- _How to complete this task_
Among the records that follow, set down only the lines from the one containing "Hvem tar vare på verden og miljøet?" to the one containing "Gärten In Cornwall", both included, exactly.

- _Working data_

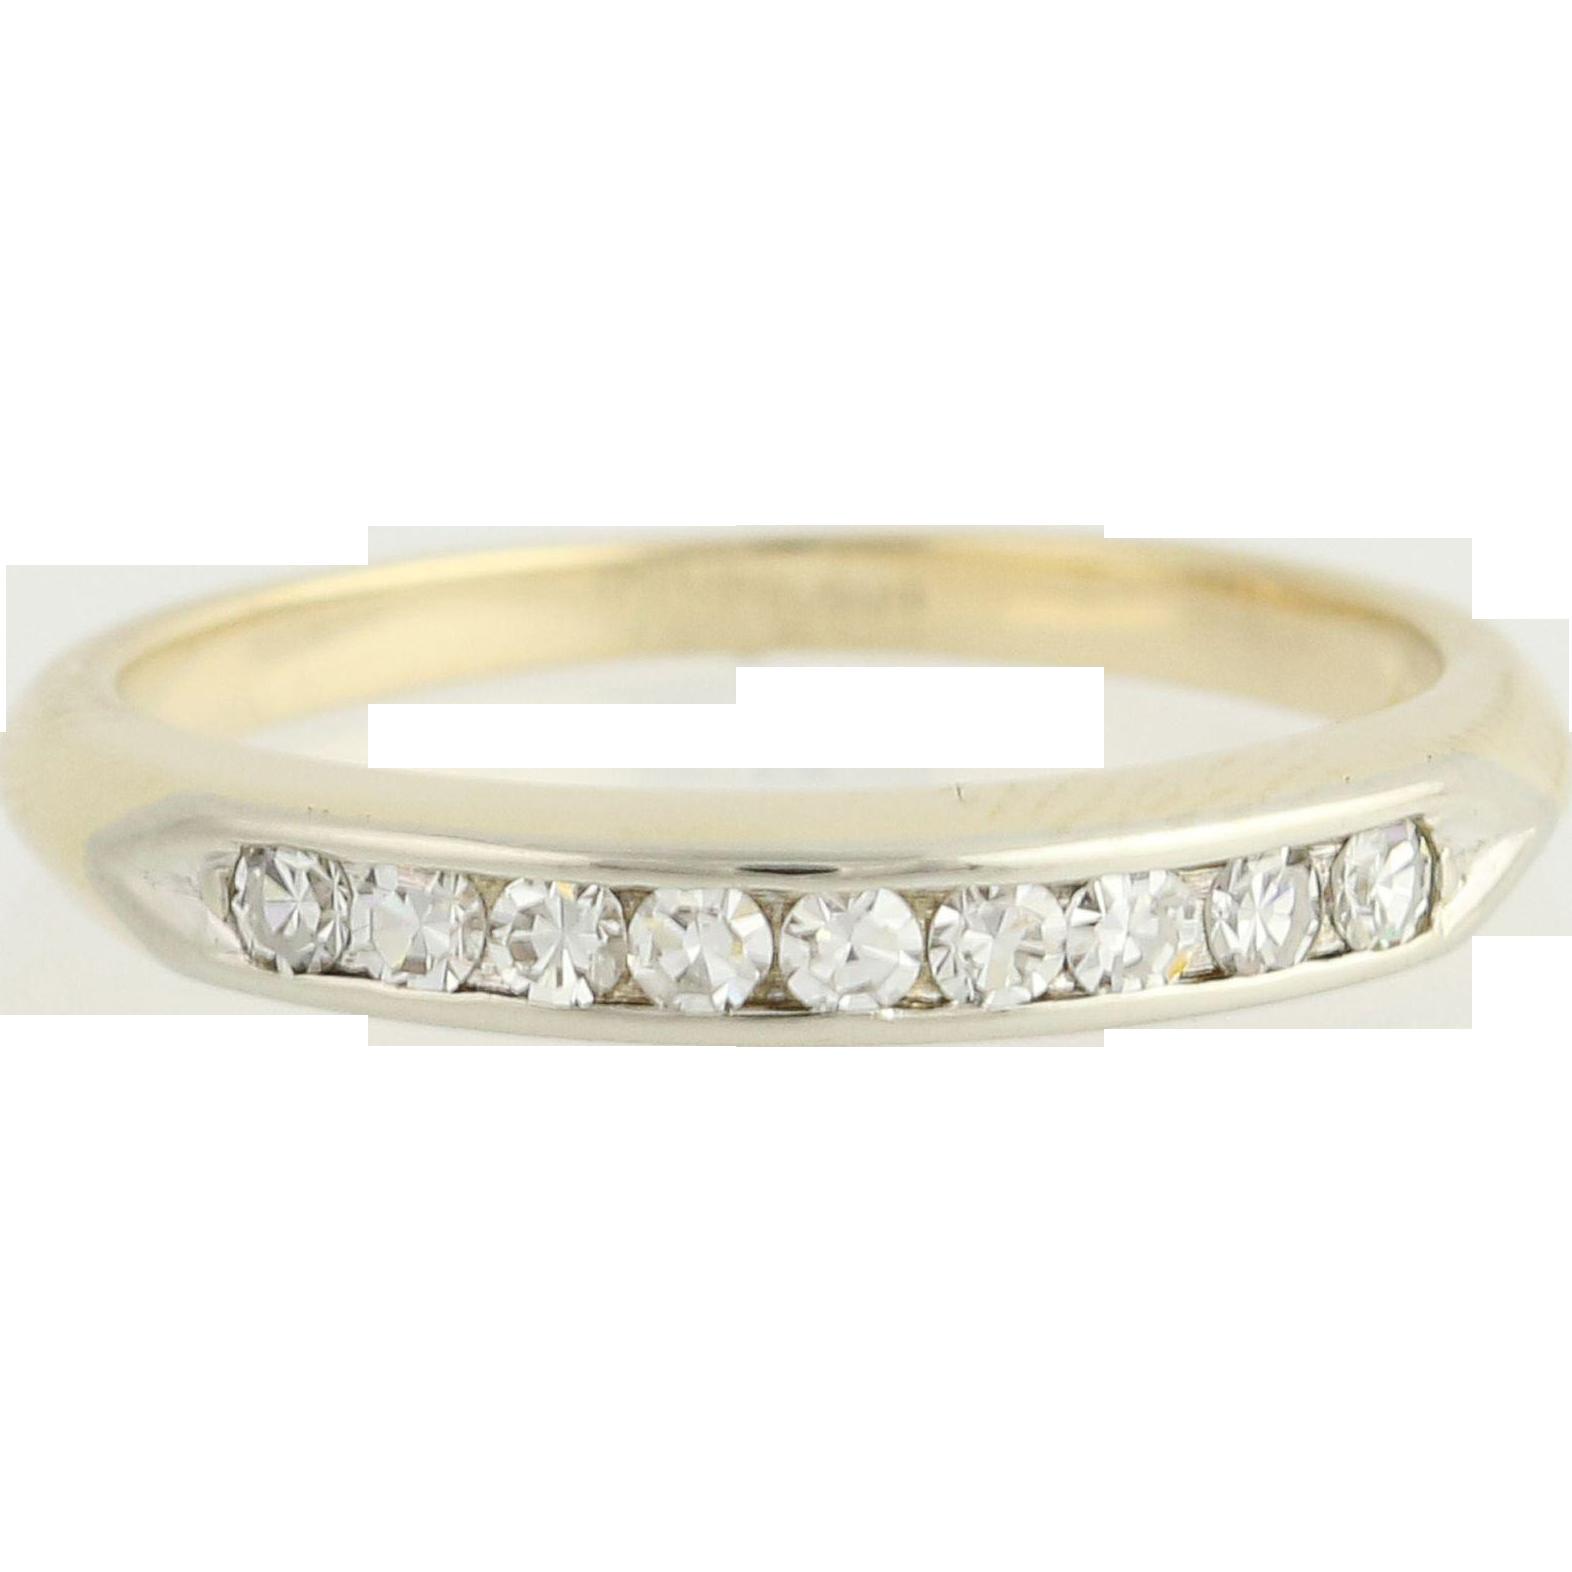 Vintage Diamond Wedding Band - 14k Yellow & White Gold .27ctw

* * *

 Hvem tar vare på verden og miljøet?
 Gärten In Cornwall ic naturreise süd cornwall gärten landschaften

- _Task solution_
 Hvem tar vare på verden og miljøet?
 Gärten In Cornwall ic naturreise süd cornwall gärten landschaften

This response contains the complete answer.